To: Bronislav Kavsan <bkavsan@ire-ma.com>
Subject: Re: matching GW addr to ID payload (fwd)
From: Jan Vilhuber <vilhuber@cisco.com>
Date: Fri, 3 Dec 1999 10:50:31 -0800 (PST)
cc: Tero Kivinen <kivinen@ssh.fi>, Mike Carney <carney@securecomputing.com>, Srinivasa Rao Addepalli <srao@ibondinc.com>, Tylor Allison <allison@securecomputing.com>, ipsec@lists.tislabs.com
In-Reply-To: <38471824.DDC60425@ire-ma.com>
Sender: owner-ipsec@lists.tislabs.com

On Thu, 2 Dec 1999, Bronislav Kavsan wrote:
> Ooops - you are right - can't select the key based on ID Payload. But can verify that the
> policy entry selected based on source-ip-address is the same as pointed out by ID Payload.
> 
Yes, but again, what's the point?

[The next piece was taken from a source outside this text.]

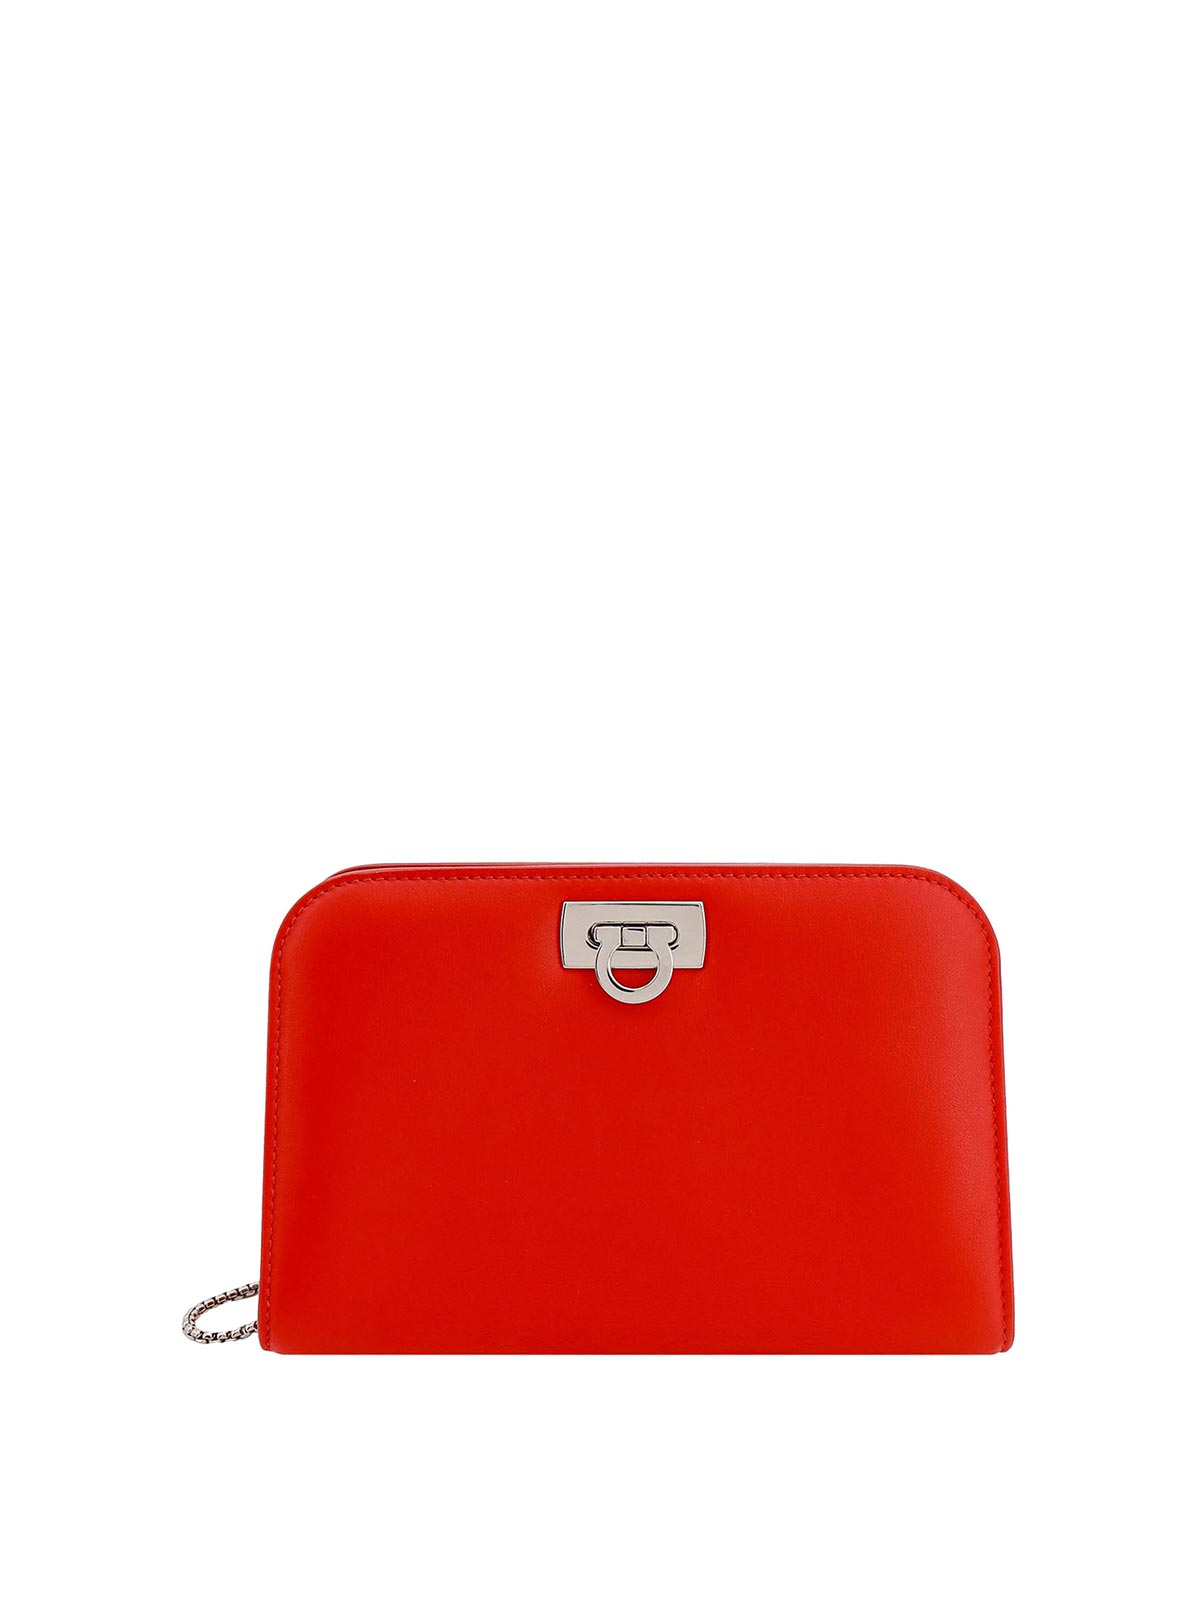 Ferragamo Leather Shoulder Bag Gancini Detail In Red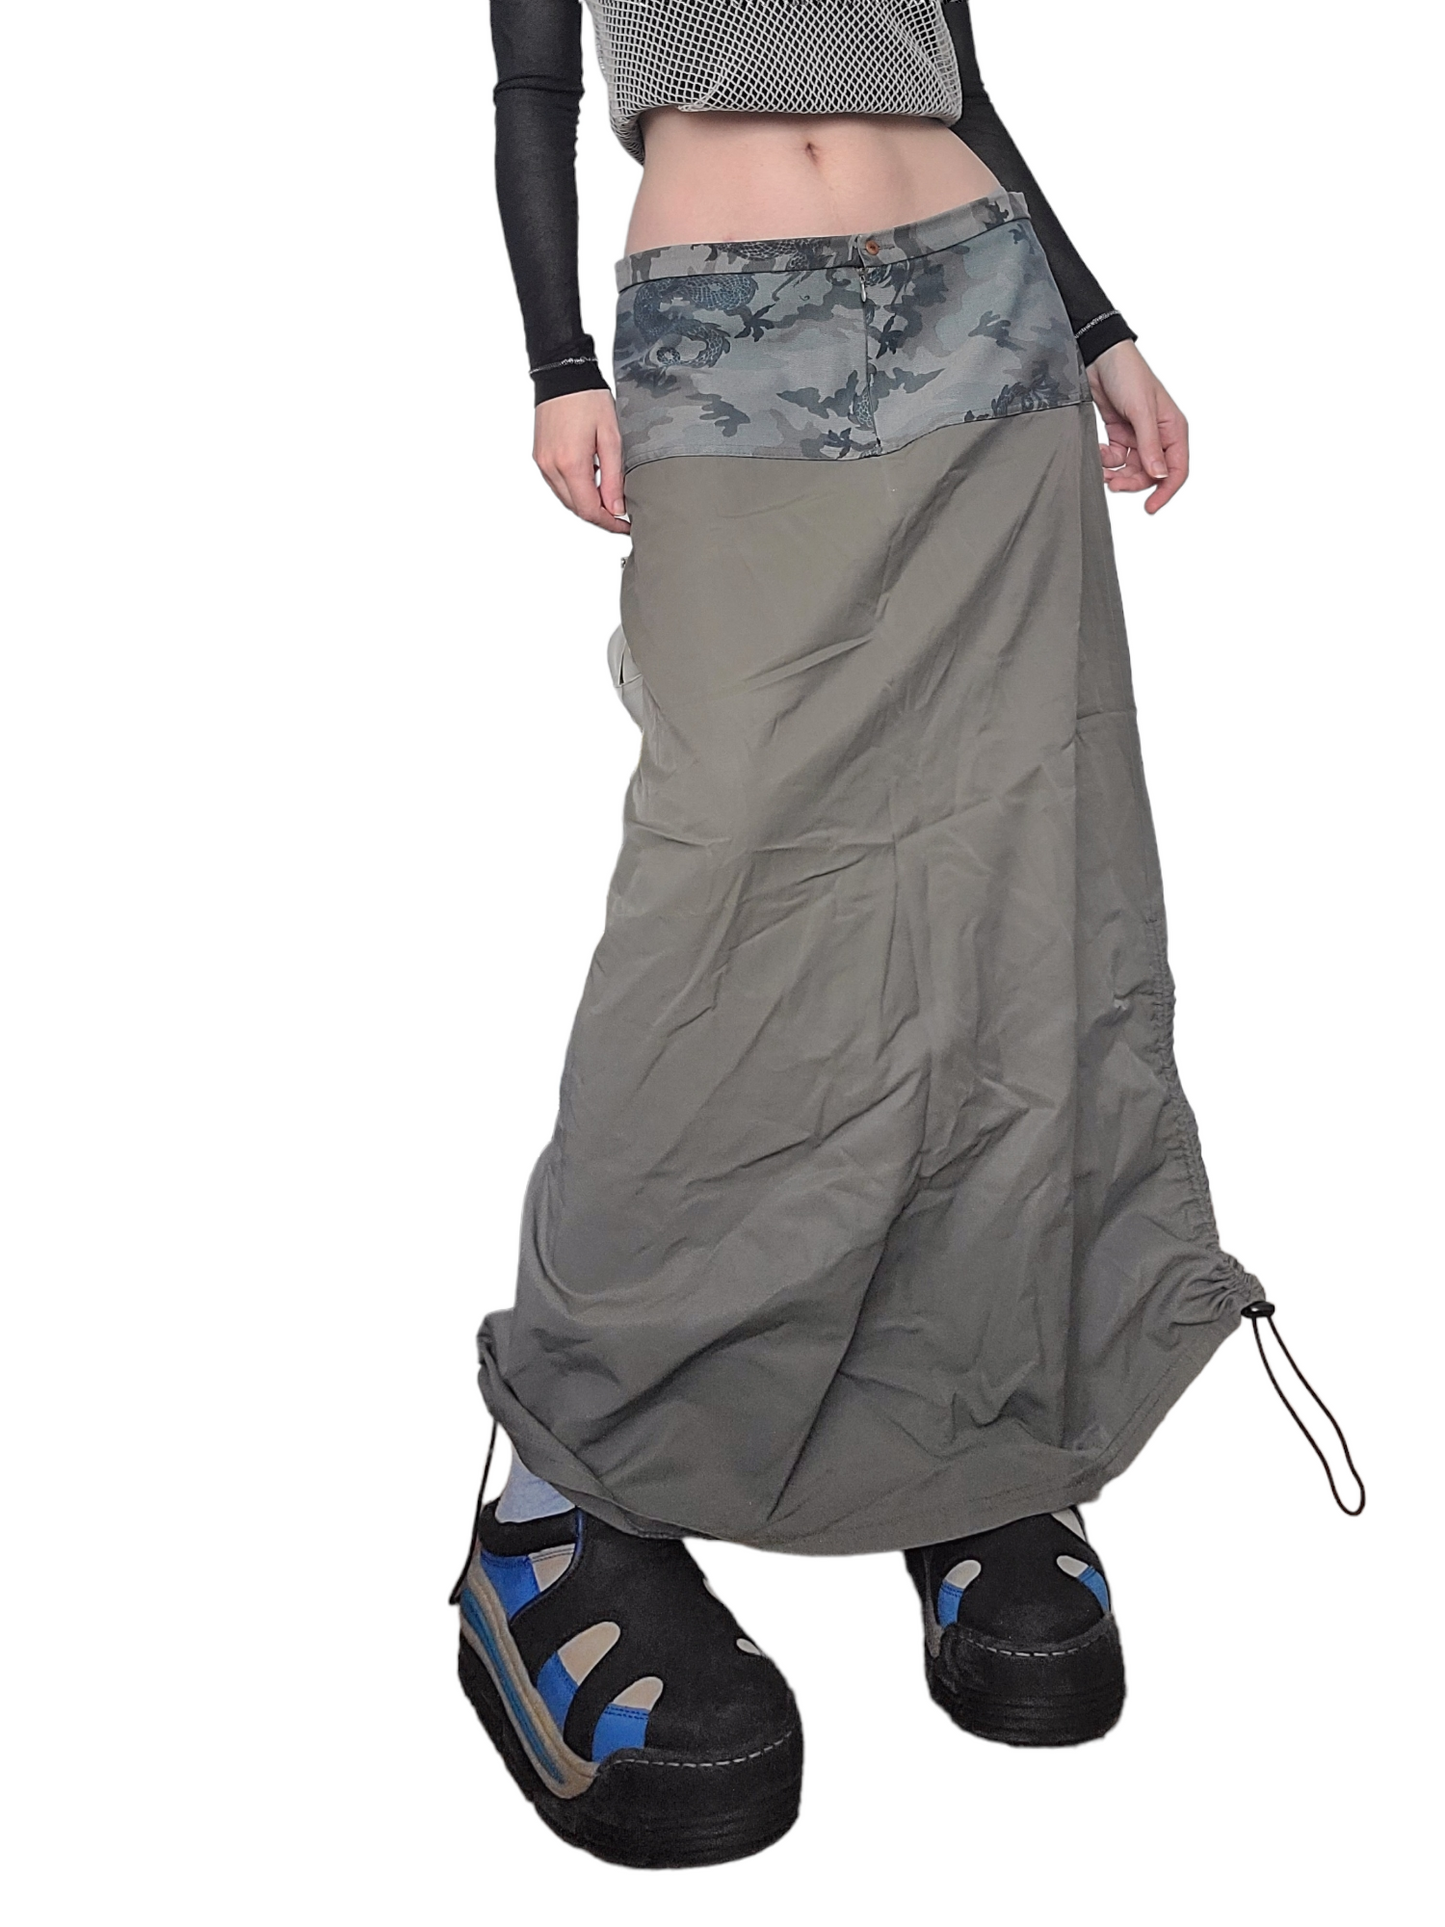 Maxi skirt parachute kaki 90s skater streetwear gorpcore skater made in france paris military

If you pick the policy based on ID after
making sure the ID is the same as the source-ip-address, you've effectively
picked the policy based on the source-ip-address. The ID didn't really enter
into the picture.

If you have ID_FQDN, you couldn't do this check at all, and you would again
only pick the policy based on the source-ip-address, since that's the only
authenticated piece of information you have.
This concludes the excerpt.